Two helpful additional functions are simulate_logit
and toDataFrame
, which allows one to easily simulate data from a logit demand system with endogenous prices (and instruments for those prices) to test the NPDemand
functions. Usage shown in /examples
As described above, begin with a DataFrame which takes the following form (with three products in this example):
julia> df
2000×16 DataFrame
Row │ shares0 prices0 x0 share_iv0 price_iv0 shares1 prices1 x1 share_iv1 price_iv1 shares2 prices2 x2 ⋯
│ Float64 Float64 Float64 Float64 Float64 Float64 Float64 Float64 Float64 Float64 Float64 Float64 Fl ⋯
1 │ 0.328229 0.66807 0.416167 0.416167 0.0717971 0.14538 1.89975 0.903872 0.903872 0.7109 0.236292 0.458123 0. ⋯
2 │ 0.0994119 1.50148 0.367425 0.367425 0.899897 0.25597 1.48679 0.8222 0.8222 0.636302 0.208002 0.834816 0.
3 │ 0.131559 1.60465 0.323835 0.323835 0.596641 0.320453 1.35984 0.84993 0.84993 0.429504 0.175882 0.87676 0.
⋮ │ ⋮ ⋮ ⋮ ⋮ ⋮ ⋮ ⋮ ⋮ ⋮ ⋮ ⋮ ⋮ ⋱
1998 │ 0.252616 0.315564 0.456881 0.456881 0.319923 0.33775 0.65299 0.493729 0.493729 0.212751 0.0719814 1.96853 0.
1999 │ 0.193392 1.51716 0.928404 0.928404 0.664692 0.428216 -0.120323 0.501273 0.501273 0.0640289 0.0655636 1.52594 0. ⋯
2000 │ 0.373363 0.476147 0.850132 0.850132 0.398496 0.177178 1.27511 0.374716 0.374716 0.533122 0.0835981 1.69474 0.

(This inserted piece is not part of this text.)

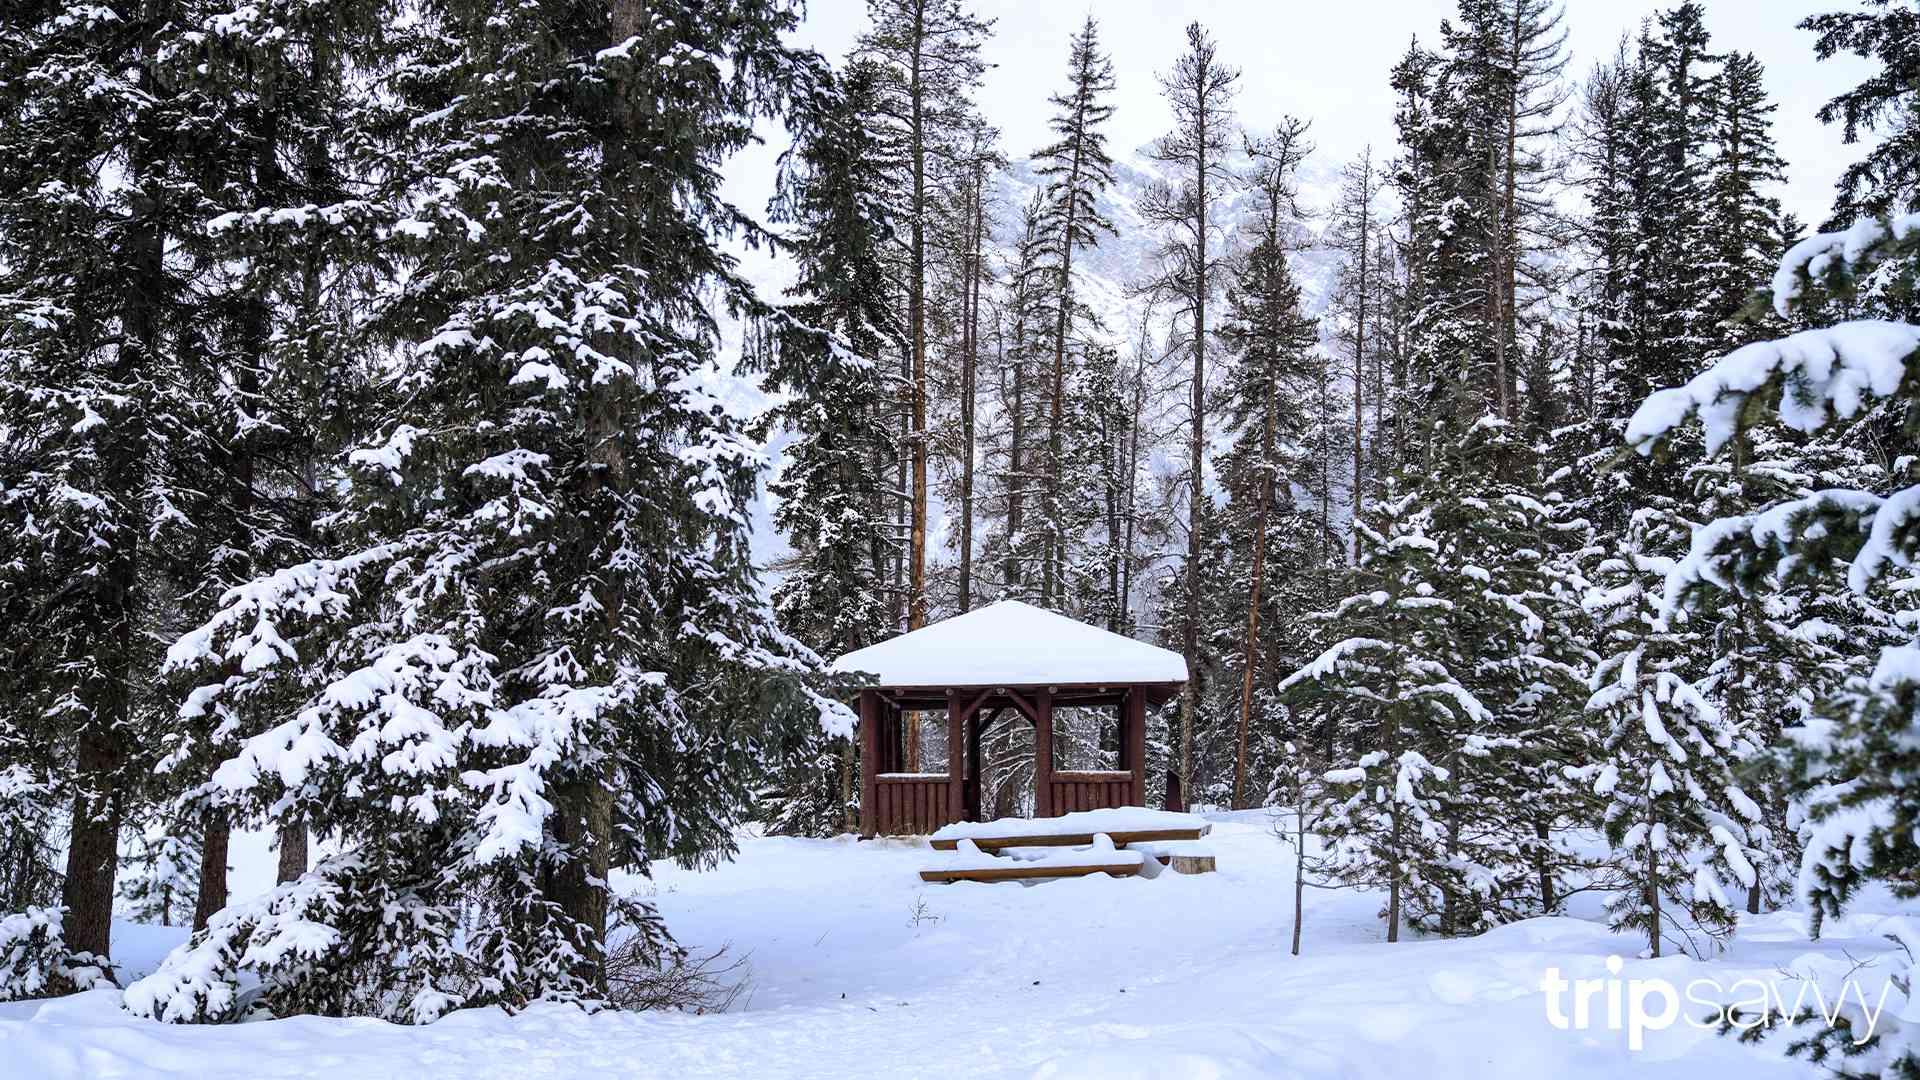 A snowy gazebo in Jasper, Canada

4 columns and 1994 rows omitted
Then, we can define a problem
. In this package, a problem
is constructed by combining data (in df
) and constraints. A problem can be constructed simply using define_problem
bO = 2; # Order of each dimension of Berntstein polynomial
exchange = [[1 2 3]] # All products are exchangeable
index_vars = ["prices", "x"] # endogenous prices and exogenous x enter the index
constraints = [:exchangeability, :monotone]; # Impose exchangeability and that demand for each product is increasing in the index (decreasing in price)

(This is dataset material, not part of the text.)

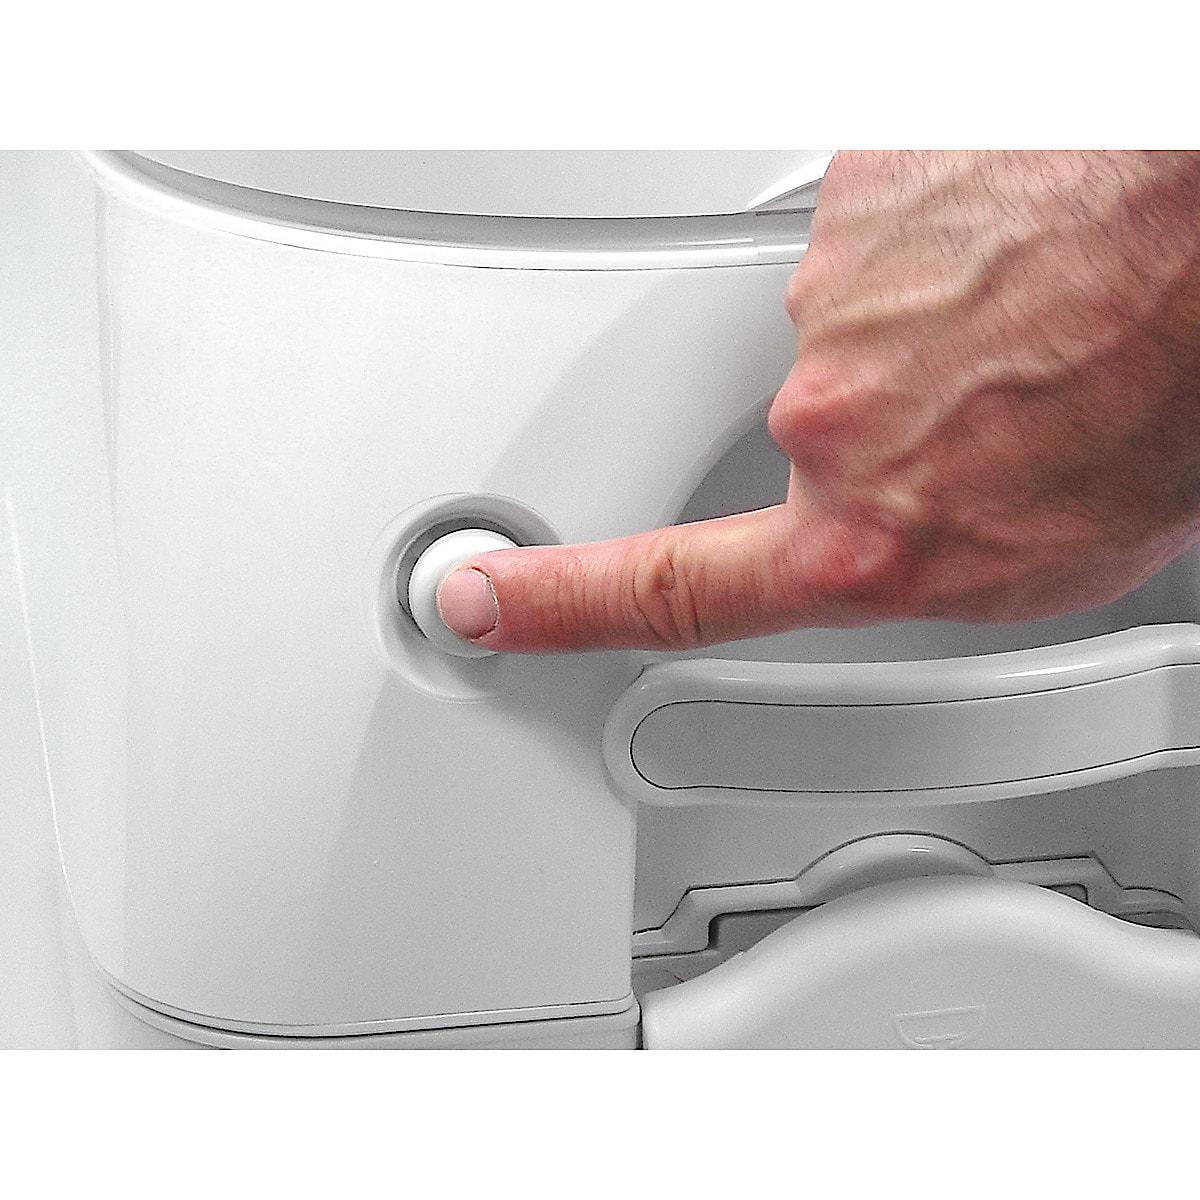 Dometic 976 portabelt toalett

npd_problem = define_problem(df;
exchange = exchange,
index_vars = index_vars,
constraints = constraints,
bO = bO);
We can then estimate the problem and calculate in-sample price elasticities with two lines.
elasticities, average_elast_mat, shares, all_own_elasts = price_elasticity(npd_problem, df; whichProducts = [1,1]);
Fixed effects are estimated as parameters, not absorbed from the data. So, be careful including fixed effects with too many values, as this may both slow down the optimization and require more memory.

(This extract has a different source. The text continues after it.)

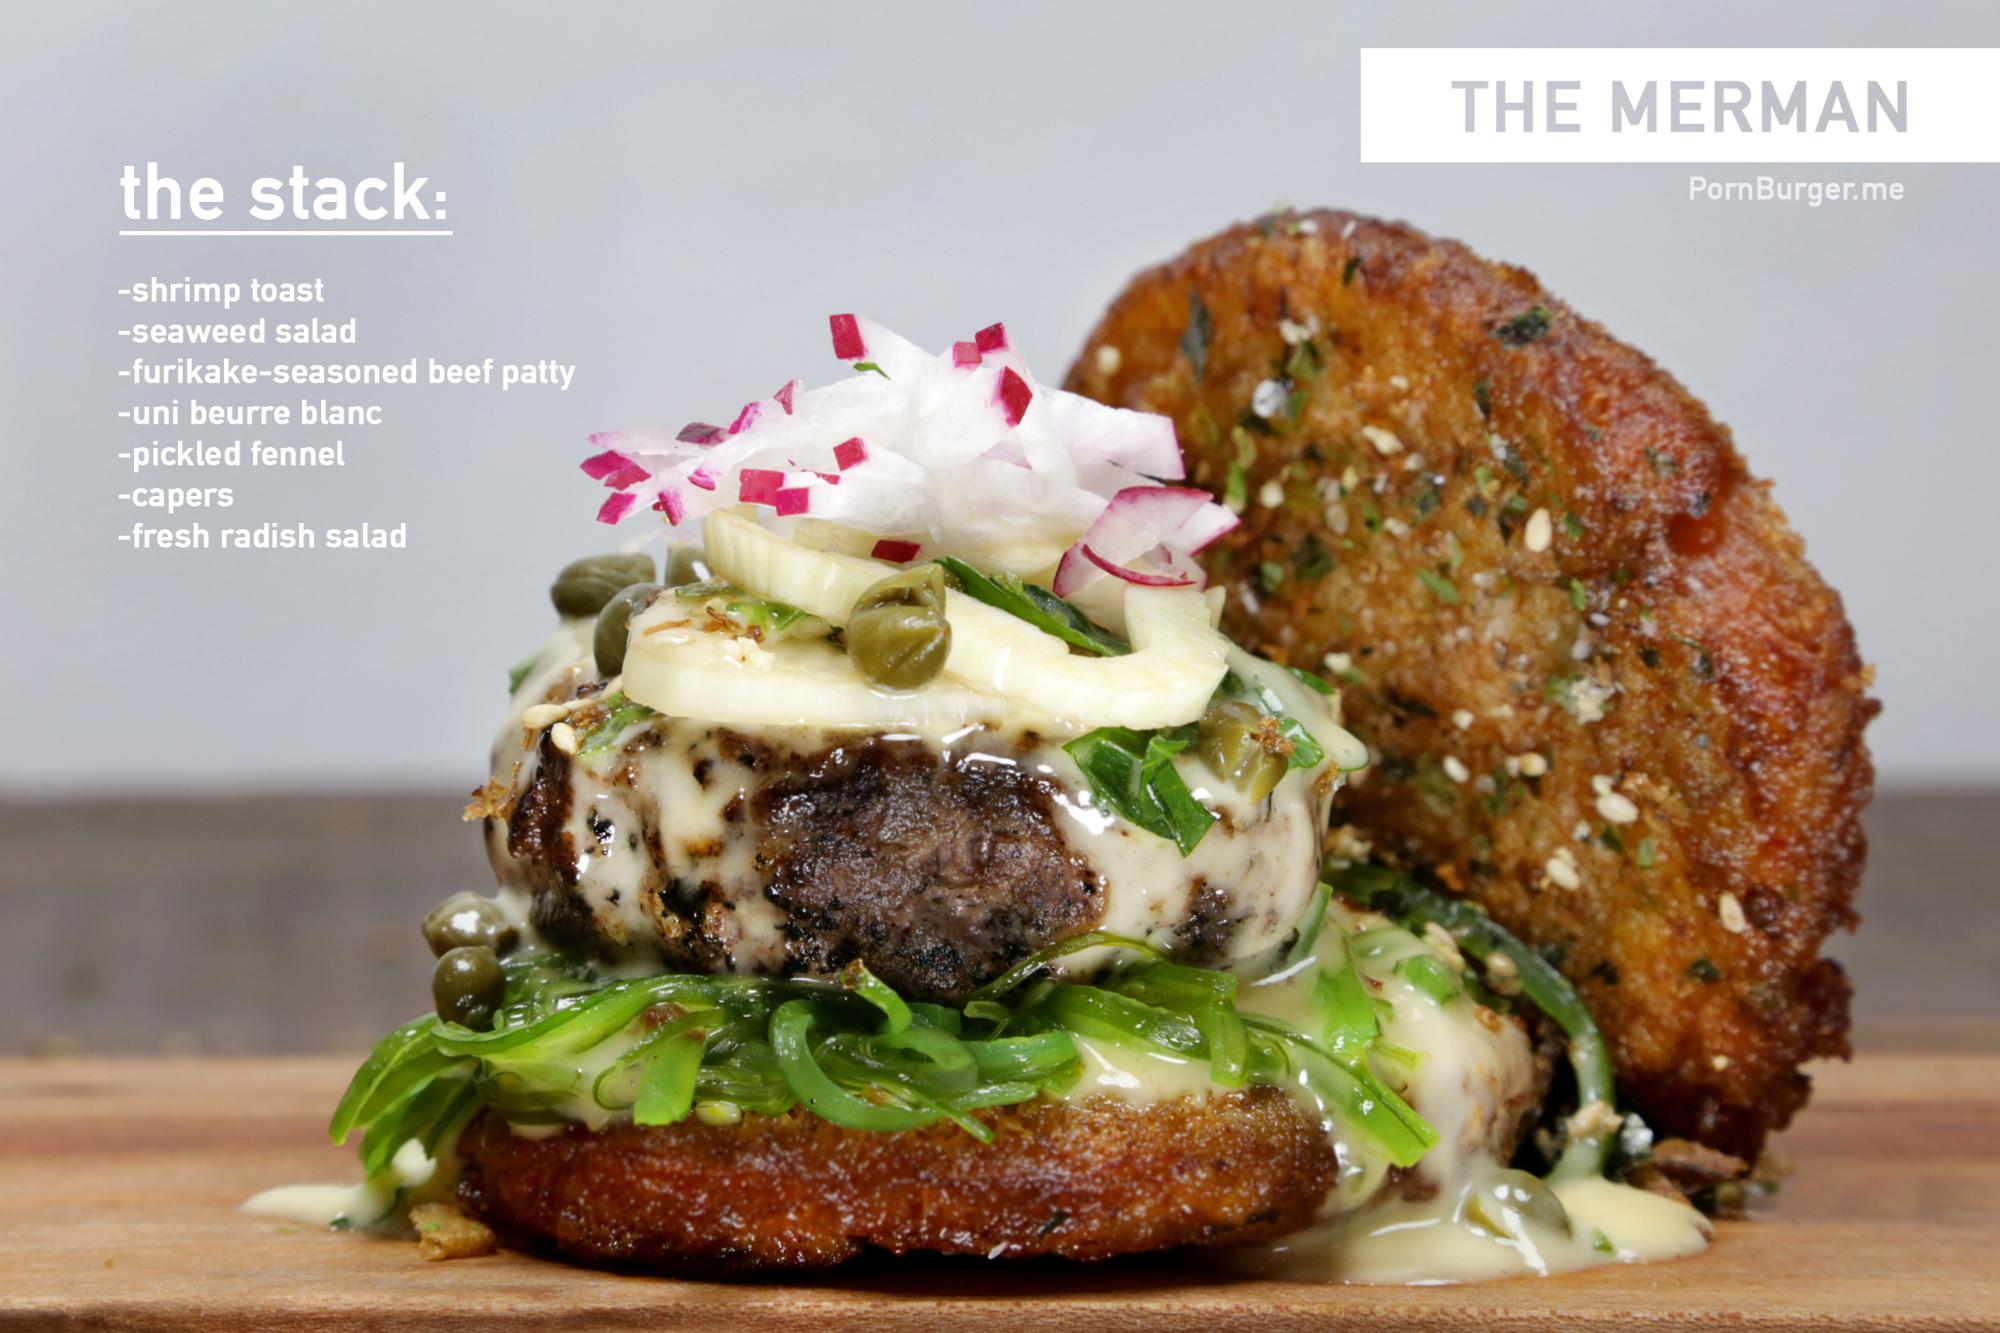 The Merman Burger

To include fixed effects (categorical variables), use the option FE
to provide a vector of strings, where each element of the vector is a name of a column in the provided data df
. Note however that at present, variables that are included as fixed effect must be constant across products within a market. The only exception to this rule is "product"
which is a keyword which will produce product fixed-effects. There need not be a column named product
in the data, and in fact the code will ignore it if it's there.